The two sentences used in this study were:
(1) She had your
dark suit in greasy wash water all year.
(2) Don't ask me to
carry an oily rag like that.
Overall performance on the task by the undergraduates was quite poor. Across the two different sentence conditions, accuracy was only 30 percent correct. However, analyses of the confusion matrices for the six regions revealed that the perceptual errors made by the listeners were quite systematic. Specifically, our listeners were able to reliably identify the talkers using broader perceptual categories than those used in this study. The broader categories and the regions they include are shown in Table 1. When performance was measured using these categories, accuracy for the two sentences improved to 60 percent correct. It appears that listeners are sensitive to certain phonetic and phonological properties of speech that provide useful information about where talkers are from.
Category | Regions |
North | New England, North |
South | South, South Midland |
West | North Midland, West |
Acoustic analyses were also carried out on the speech samples themselves to identify and measure the dialect differences for the talkers used in this study.

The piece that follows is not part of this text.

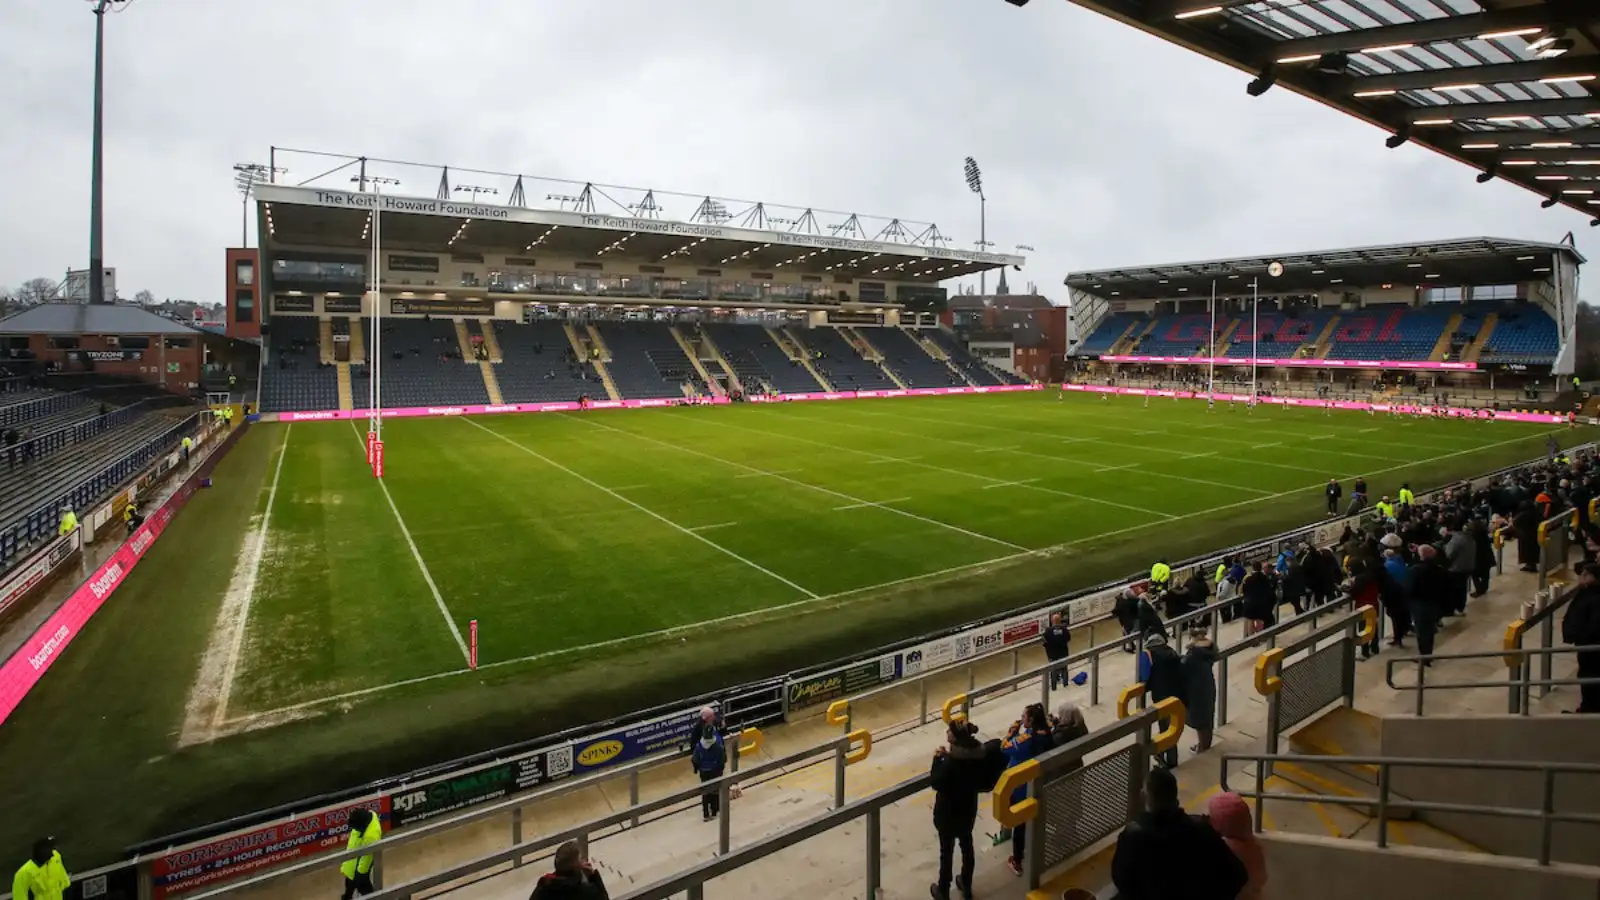 International double-header confirmed for Headingley Stadium later this year

Results of the analyses revealed that the dialects did differ from one another on several acoustic-phonetic measures. For example, r-lessness, as in "dak" for "dark," was a characteristic feature of the New England talkers. Click here to listen to a New England talker. On the other hand, saying "greazy" for "greasy" was a characteristic feature of the Southern talkers. Click here to listen to a Southern talker.
Correlations were then computed between the results of the categorization task and the acoustic analysis measures. The pattern of results suggested that listeners were in many cases relying on the characteristic features of the dialects when selecting where the talkers were from, again providing evidence that listeners are sensitive to dialect variation in speech. When we listen to speech, we not only pay attention to the words and the meanings those words convey, but we can also perceive, encode, and use indexical information in the speech signal to learn more about specific properties of the talker.